Map[Apply[fd, #] &, testData] (* {5., 8., 11.} WORKS AS EXPECTED *)

`

Now I want to embed this in a function :

testFunc1[f1_, data_] := Map[Apply[f1, #] &, data]
testFunc2[f1_, data_] := Table[Apply[f1, data[[i]]] , {i, 1, Length[data]}]
 
testFunc3[f1_, data_] := f1 @@@ data (* as suggested by @MarcoB *)
testFunc4[f1_, data_] := {#, f1 @@ #} & /@ data 

I expect the results to be the same for testFunc1,2,3 but they aren't:

testFunc2[fd, testData]  (* {5., 8., 11.} *)
testFunc3[fd, testData]  (* {5., 8., 11.} *)

but

testFunc1[fd, testData]  (* error messages plus {{{1, 3}, {2., 1.}.{{1, 3}, 3}}, .... *)
testFunc4[fd, testData]  (* error messages plus {{{1, 3}, {2., 1.}.{{1, 3}, 3}}, .... *)

Question : Why do these not give the same output ?

original question I am generating a FittedModel and want to evaluate it on a list of data. This works fine when I use Table to generate the results, but not when I try to use Map. The simple example below takes two inputs x and x+2, and produces the output 3x+2. The fitted model works as expected, until I try to Map it over a list of inputs.

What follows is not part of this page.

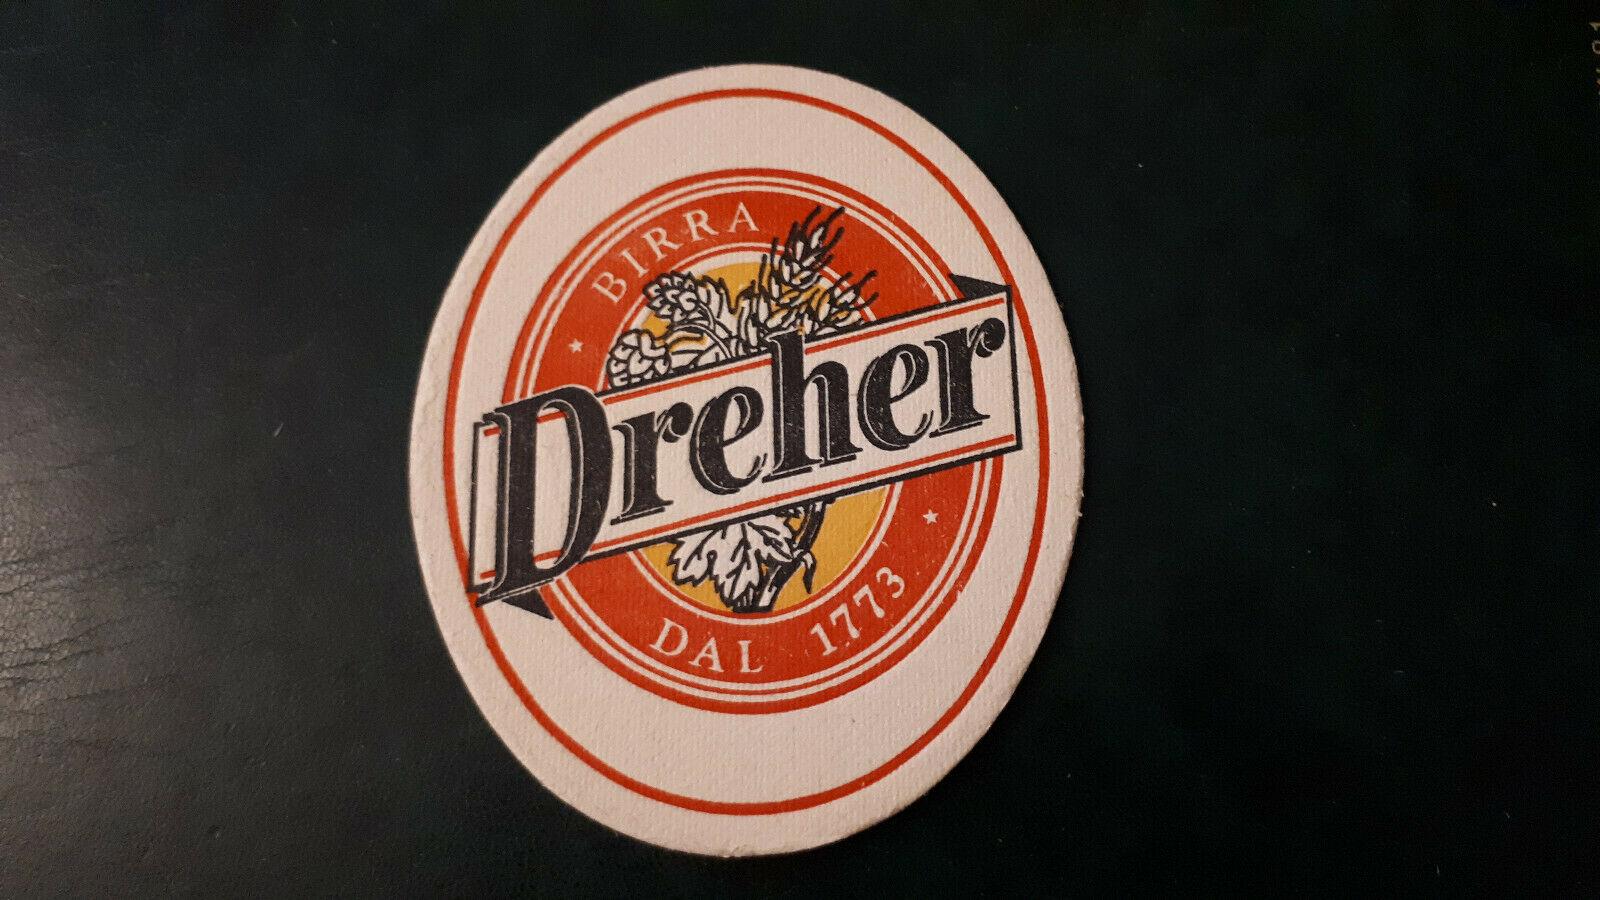 Dreher Bier

    With[{data1 = Table[{i, i + 2}, {i, 1, 10}], 
      data2 = Table[3 i + 2, {i, 1, 10}]}, 
     With[{fd = LinearModelFit[{data1, data2}], 
       testData = Table[{i, i + 2}, {i, 1, 3}]}, Print["function is ", fd];
(* check it works *)      
      Print["function applied to {4,6} is ", fd[4, 6]]; 
      
(* explicitly generate input data *)      
      Print[Grid[
        Table[{"apply ", fd, " to args ", {i, i + 2}, " result:", 
          Apply[fd, {i, i + 2}]}, {i, 1, Length[testData]}], 
        Frame -> True]];
    
(* Use Table to find the value over test data *)
      Print[Grid[
        Table[{"apply ", fd, " to args ", testData[[k]], " result:", 
          Apply[fd, testData[[k]]]}, {k, 1, Length[testData]}], 
        Frame -> True]];
     
(* Try to map over test data *)      
      Print[Grid[
        Map[{"apply ", fd, " to args ", #, " result:", Apply[fd, #]} &, 
         testData], Frame -> True]]]]

Output looks like this:

output

so I am guessing the FittedModel somehow picks up the wrong arguments when I try to use Map. Is there a way to make Map behave the same as Table ?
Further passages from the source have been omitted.